El Santo, Santo, Santo Señor Dios de los ejércitos ha dispuesto su muerte. El cuerpo, en donde las vigilias, cilicios y abstinencias pasaron como lluvia por tierra erosionada, descansa ya de tantos sacrificios. Las alas de los padrenuestros se agitan en el aire. Las ratas corren por el piso con sus besos bubónicos. —Ahí te pudres, garañón— le dijo el vástago bastardo y lo dejó con la agonía en los ojos. No es posible ya que el agua vuelva al pozo, una golondrina es el verano y el hábito sí lleva al monje. La extremaunción, es el azogue, que escapa entre los dedos. Ni una gota de llanto que le alumbre los últimos instantes. Tanta ruina y rencor avanzan con la muerte. Junto con las riquezas que el agio acrecentó, la sola soledad acumulada.
Los jardines de niebla
A la luz canicular la ensombrece la nube como a tus ávidas pupilas el párpado violeta. Infatigable rosa de emociones, rosa lúbrica, el brevario y el manto tiemblan en tus manos y pasan por tu rostro en un descenso de mariposas grises y viento encenizado. Brillaron en tu cuerpo los mejores espejos de los hombres, los días en que remabas a contraviento y sol como una proa negrera cargada de deseos. Se secaron tus labios, pozo samaritano donde la lengua era una llama de virtudes.
—¿Recuerdas aquel verano de arrecifes con su ola verde y el sol al pie del horizonte? Mi rostro sin afeitar sobre tus senos, los ojos desprevenidos de la lluvia, la tormenta naciendo en la garganta grisazul del mar. ¿Recuerdas aquel verano en Caldas, en la isla que todo lo tiene para ser perfecta? —Cazador de mentiras, imaginero, tú no has visto nada: encerrado de tu ciudad sin playas, bostezante, polvorienta; en tu casa, en tu cuarto, en tu siesta de las tres de la tarde.

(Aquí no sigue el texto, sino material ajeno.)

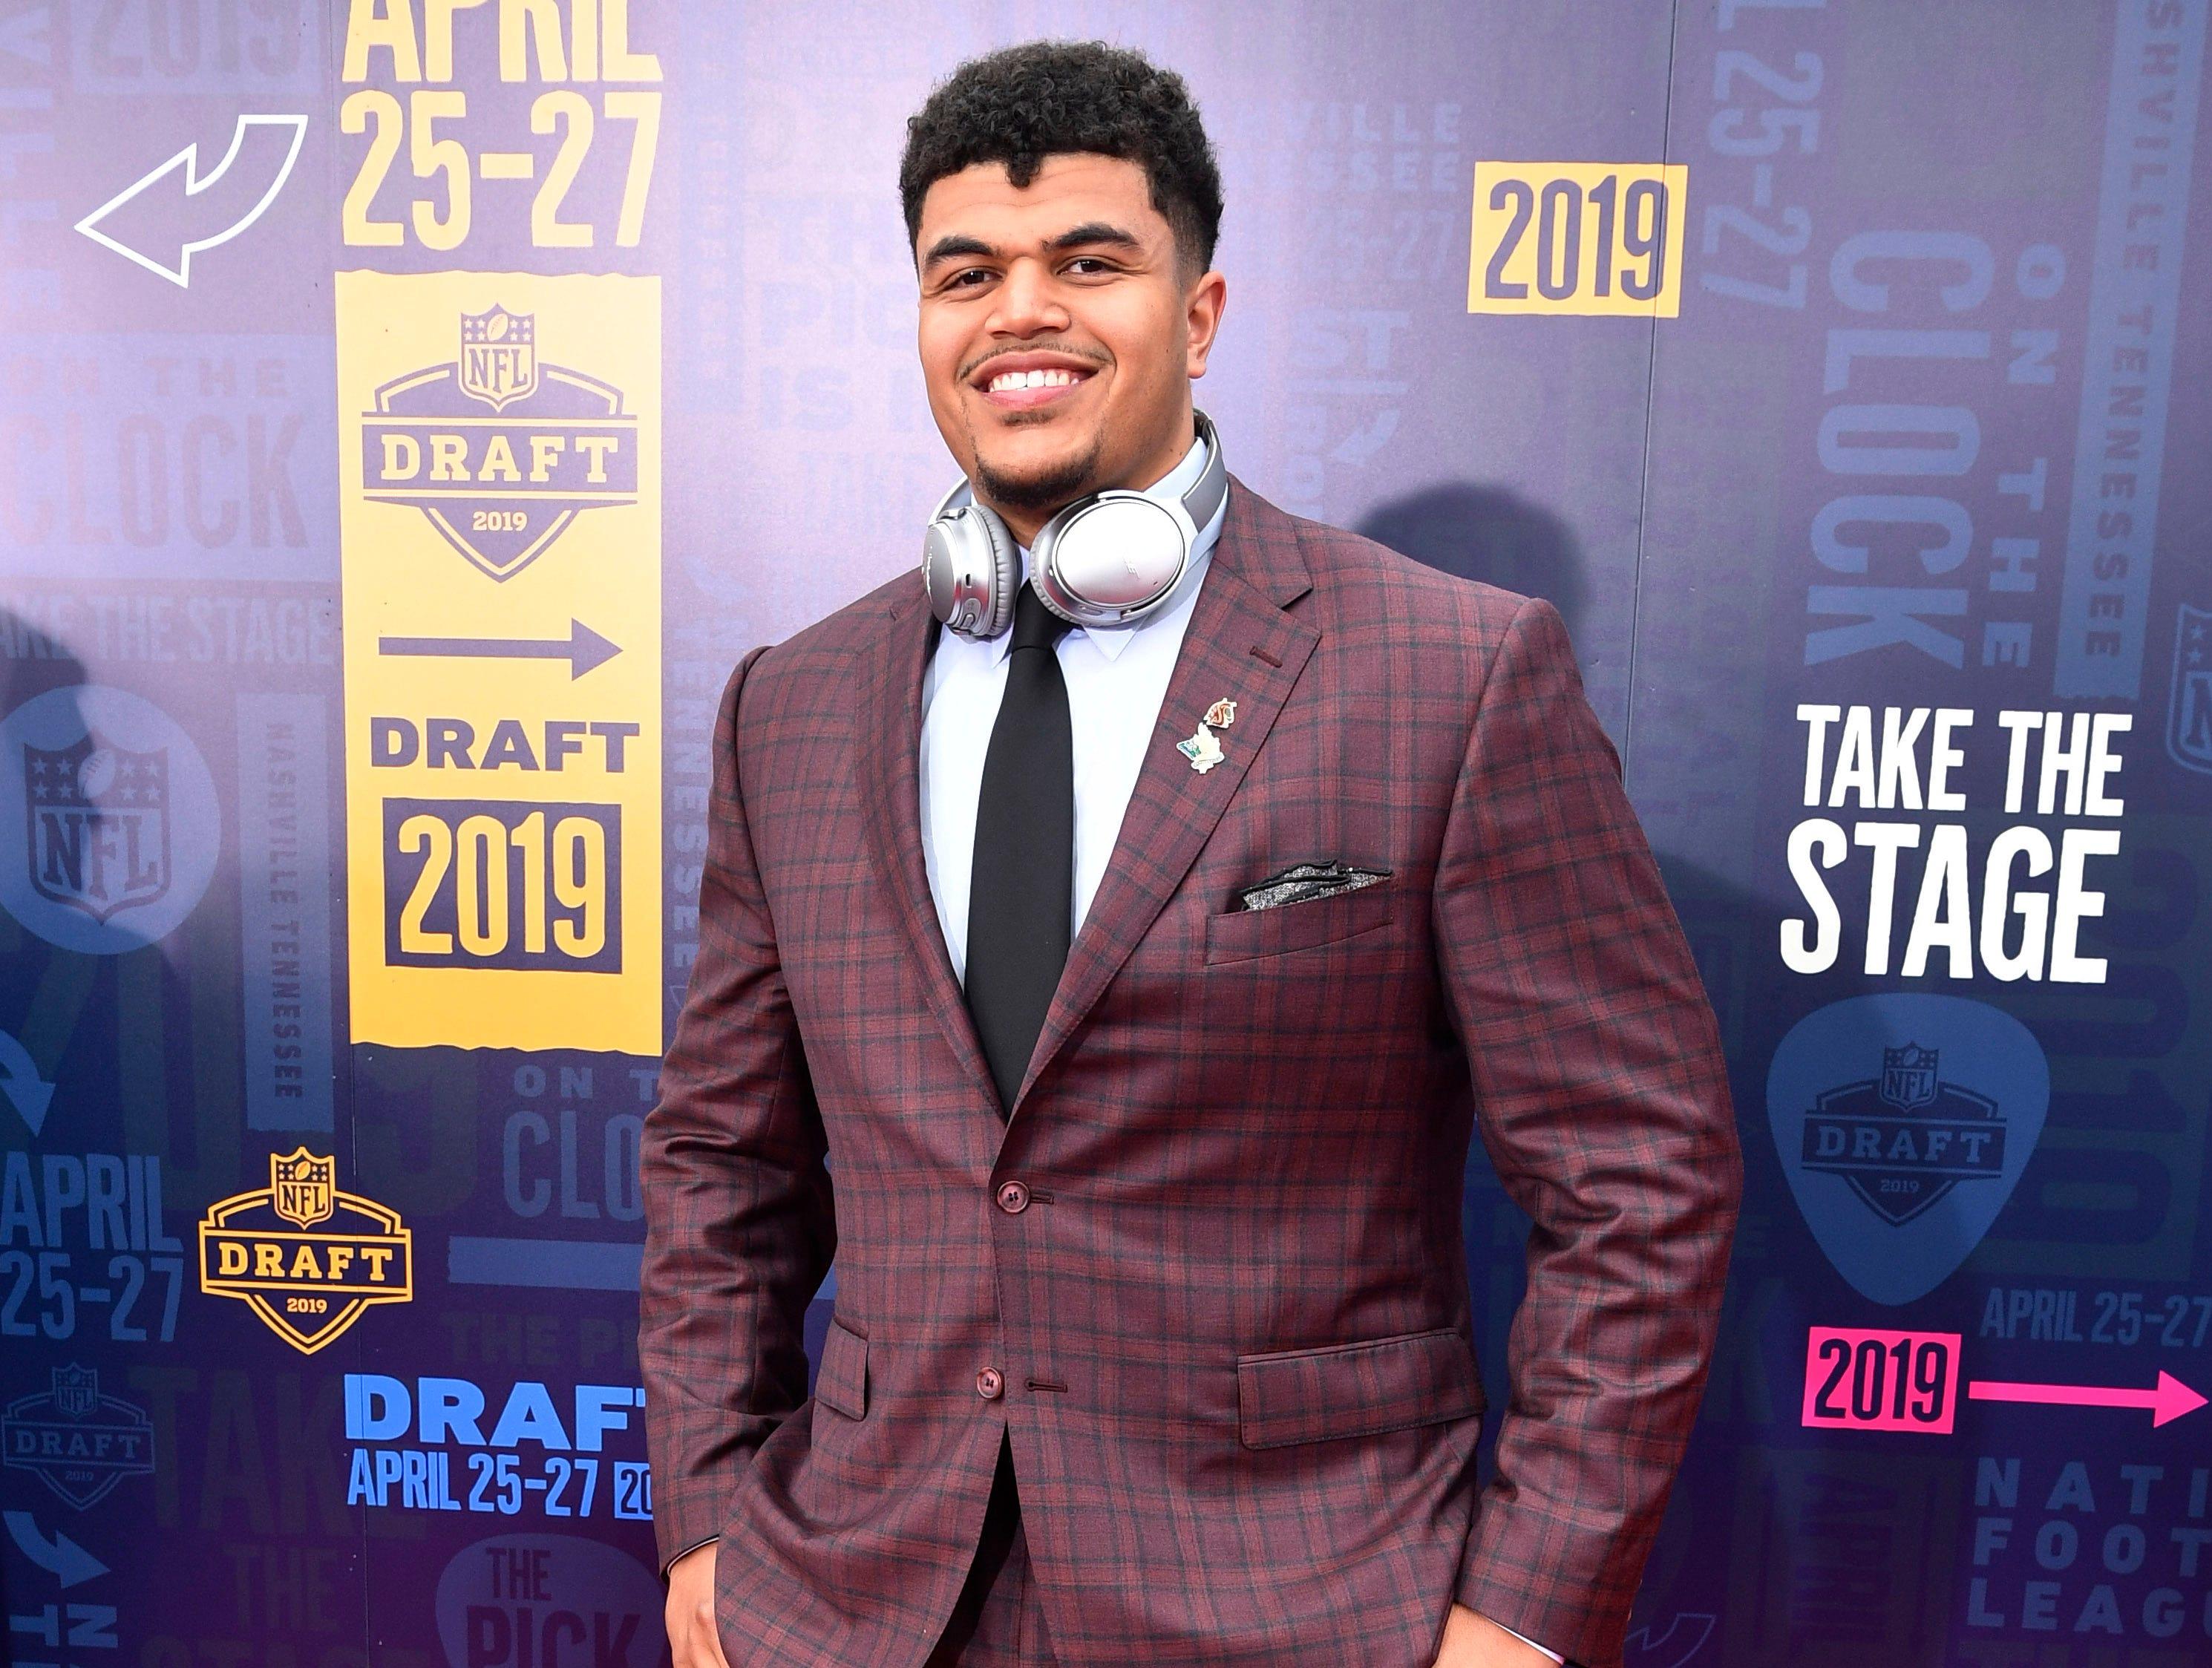 Philadelphia Eagles draft picks 2019: Round-by-round selections

Muérdagos furiosos retintaron los árboles. Hubo una llamarada en cada objeto. La misma inquieta llama compartida por los amantes frente a sí ante la suave y lenta tela que desciende hasta que al fin, noche de luna, desnuda como un dedo ensortijado, renaces desde siempre: En tiestos líquidos derramas tu paso de turquesa por galerías de malva. ¡Oh, noche!, cómo vienes, cómo llegas... Enhebrados los párpados al frío, acariciando espaldas, brazos, cuerpos, posiciones de amor, todo el amor, bajo un lejano, jacintal de estrellas.
Poemas de la habana
Aspirar el agrio y viejo aroma de estas calles. Tocar su piel de cocodrilo, sus canteras rugosas. Sentir cómo el verano con su radiante dentadura llega desde el mar con el fragor a cuestas de los barcos. De las profundidades de La Habana nace un estertor de alondra antigua.
Una calle muy larga es una historia vieja que hay que contar a todos. Basureros de azaleas, humedad y silencio en los patios en ruinas, pasos perdidos que van al malecón. En la noche anterior una serpiente de agua durmió a la descubierta. —No te me pongas triste que este rostro en cenizas no es la Revolución. La Revolución es ahora un tigre organizado. Una calle muy larga y una canción de olvido. Mármol domesticado, esclerosis y piedras. Lo que fue y ya no es, lo que ya no será. * Ternera moribunda, vieja y nueva ciudad ya sin prostíbulos, perdida para siempre. Amapola, lindísima amapola de mis sueños. Antes que en tu matriz sembraran sal los estudiantes, antes que el fuego clandestino quemara tus entrañas, antes, fosforecía en la noche la serpiente infinita de las playas, la libre competencia del casino y el bar, tu rostro centellante en la bahía. Nuestro último cantar fueron aquellas doce uvas amargas que se quedaron tiritando sobre el plato.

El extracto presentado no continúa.